=== Begin Enclosure ===
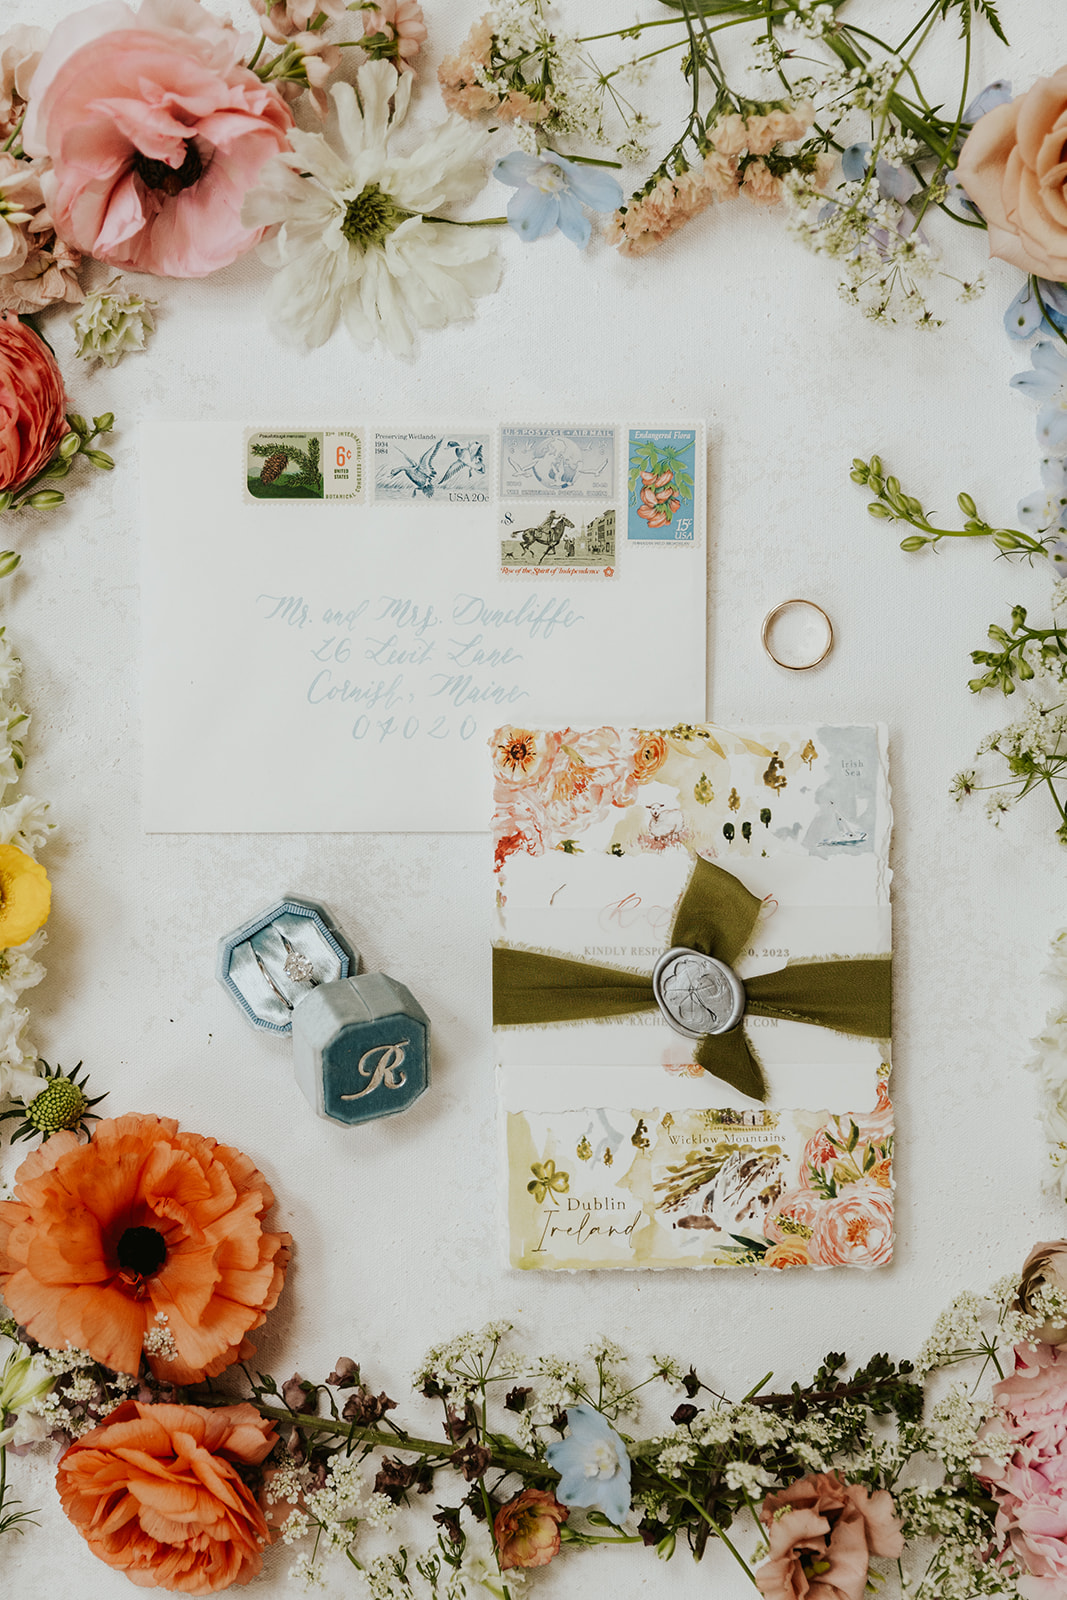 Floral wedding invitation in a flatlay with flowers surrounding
=== End Enclosure ===
=== Begin Enclosure ===
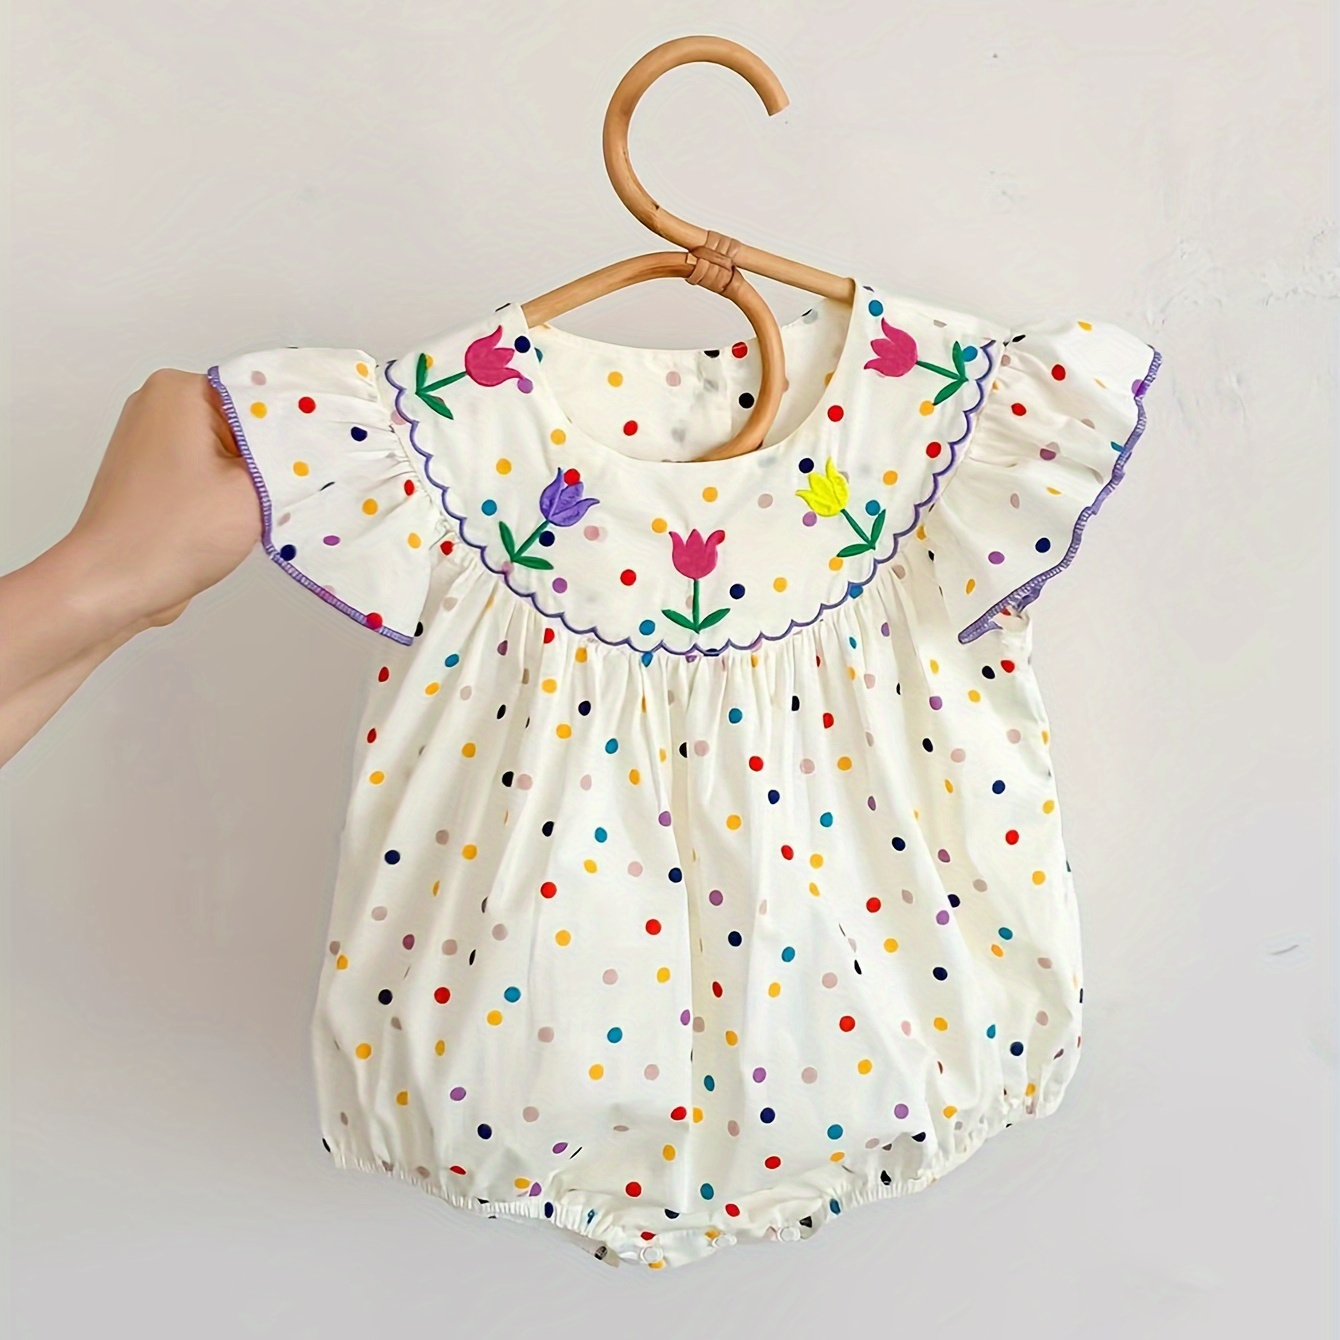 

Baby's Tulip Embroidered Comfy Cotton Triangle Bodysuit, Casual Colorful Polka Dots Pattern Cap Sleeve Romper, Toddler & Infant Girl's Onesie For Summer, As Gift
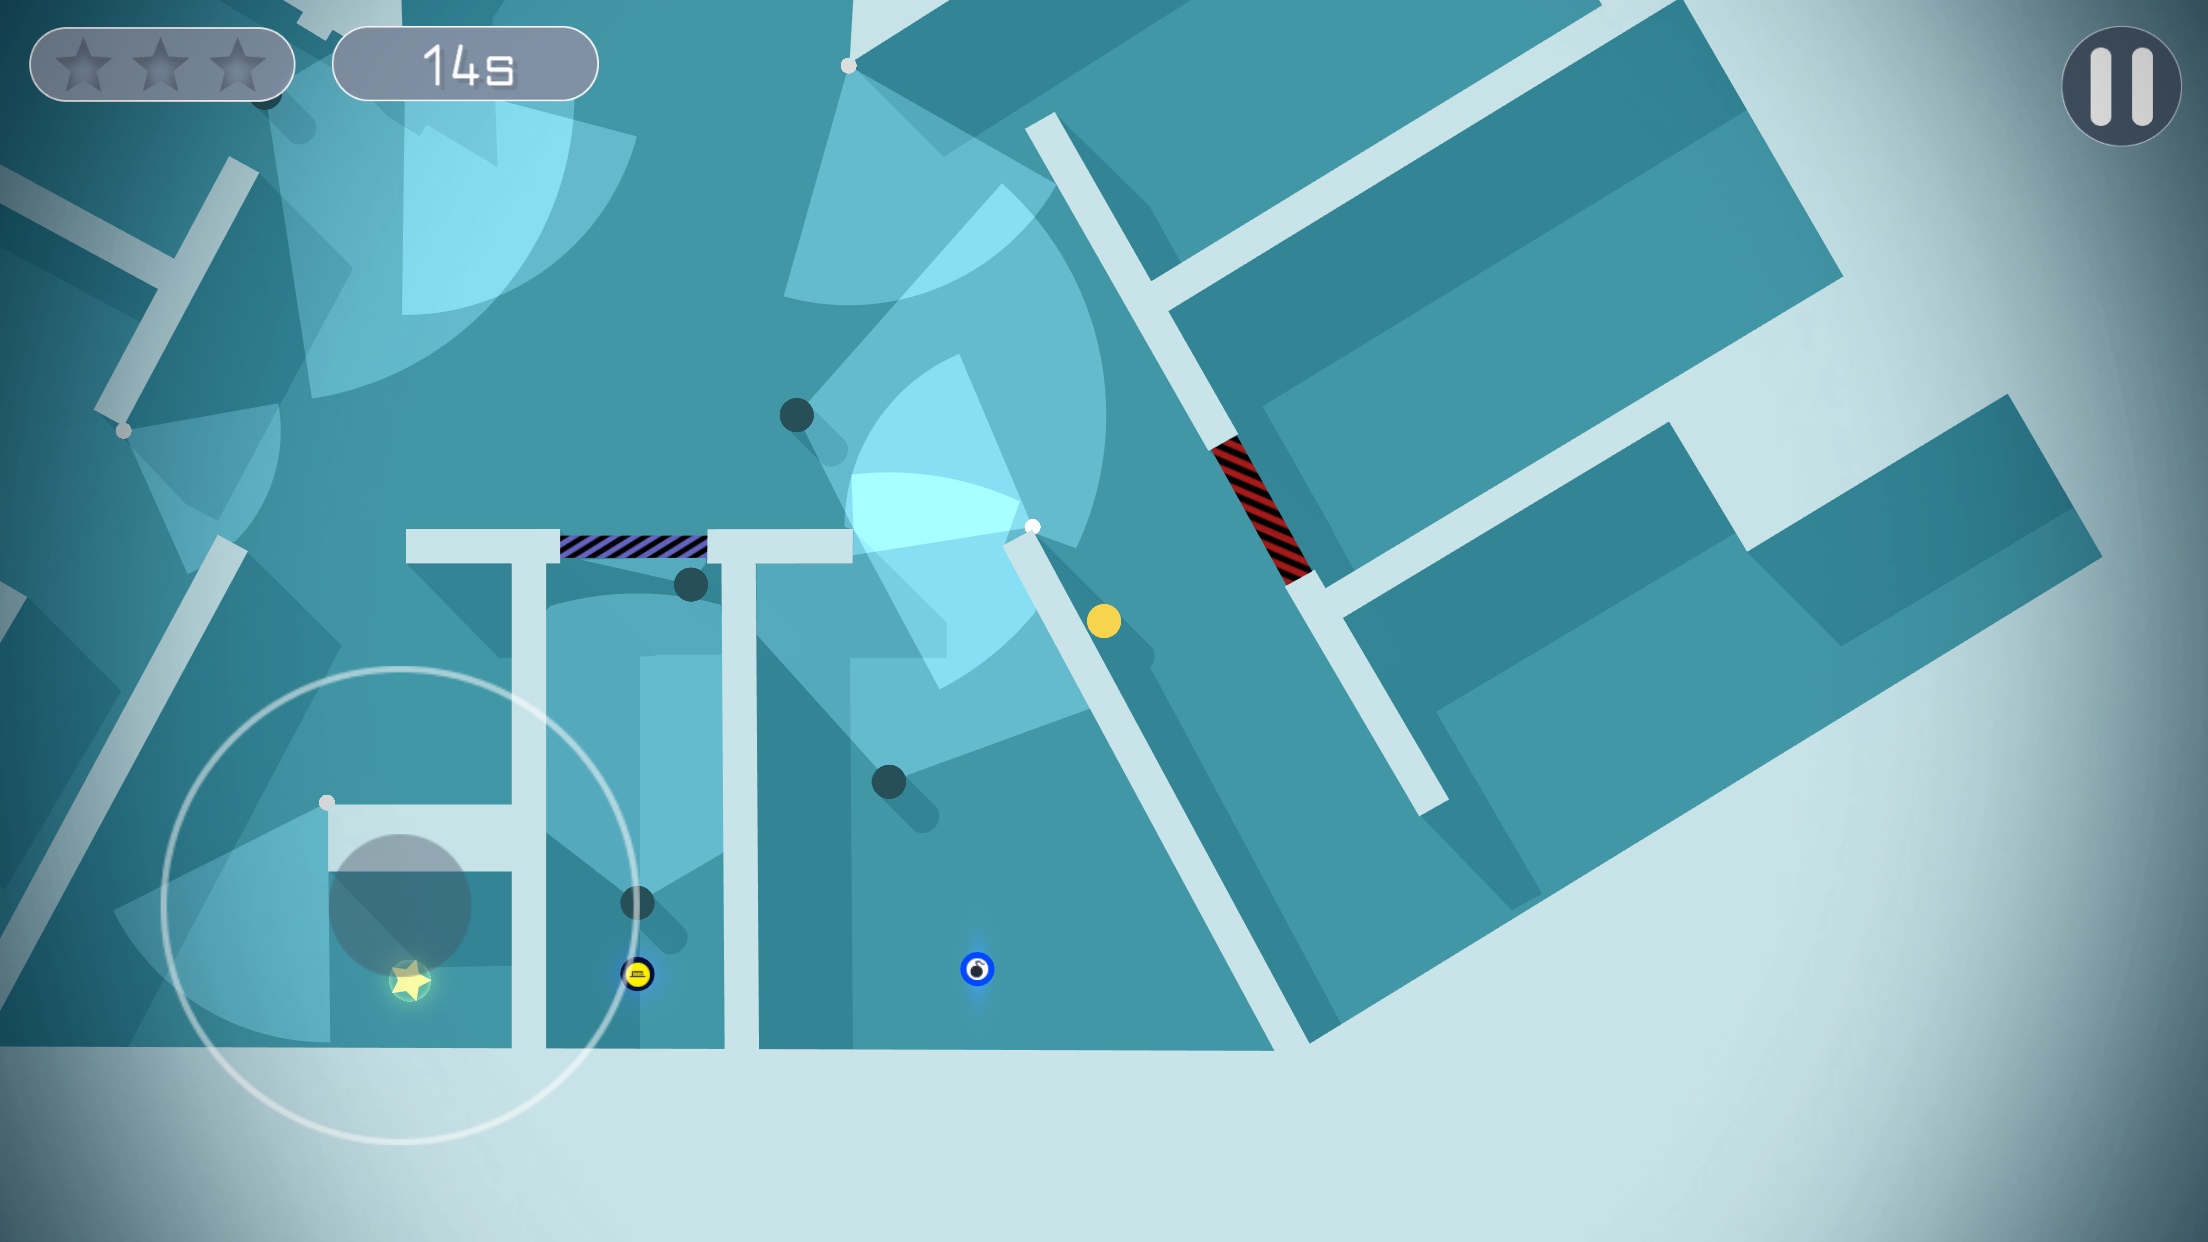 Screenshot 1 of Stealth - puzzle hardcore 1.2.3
=== End Enclosure ===
=== Begin Enclosure ===
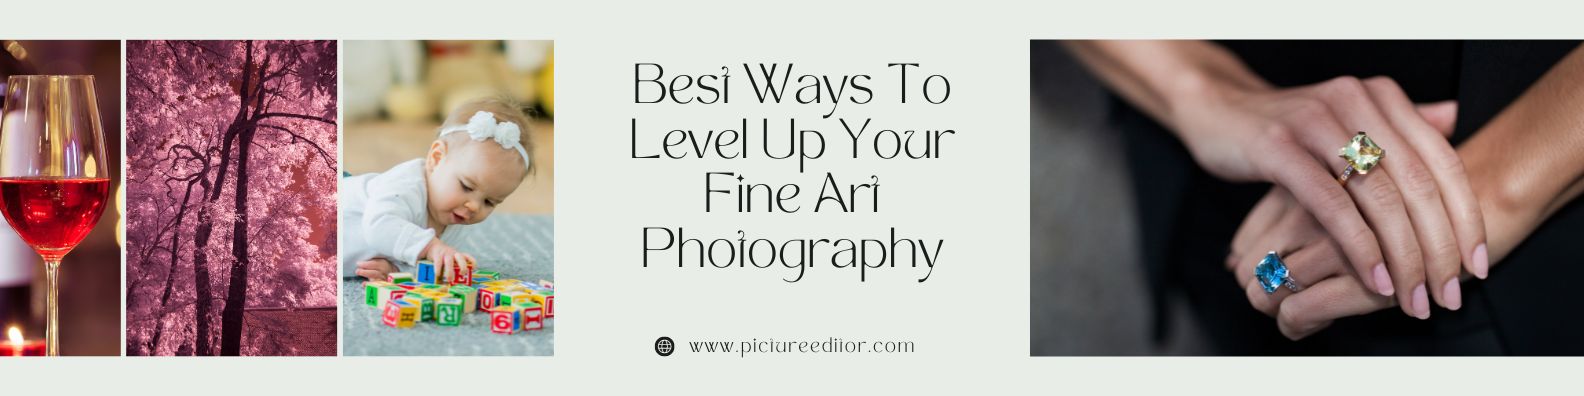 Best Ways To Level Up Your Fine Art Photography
=== End Enclosure ===
_Work task_
Using the records above, print exactly the lines between the ones containing "Baby's Tulip Embroidered" and "Screenshot 1 of", inclusive, and nothing else; no pictures.

_Answer to this exercise_
Baby's Tulip Embroidered Comfy Cotton Triangle Bodysuit, Casual Colorful Polka Dots Pattern Cap Sleeve Romper, Toddler & Infant Girl's Onesie For Summer, As Gift
 Screenshot 1 of Stealth - puzzle hardcore 1.2.3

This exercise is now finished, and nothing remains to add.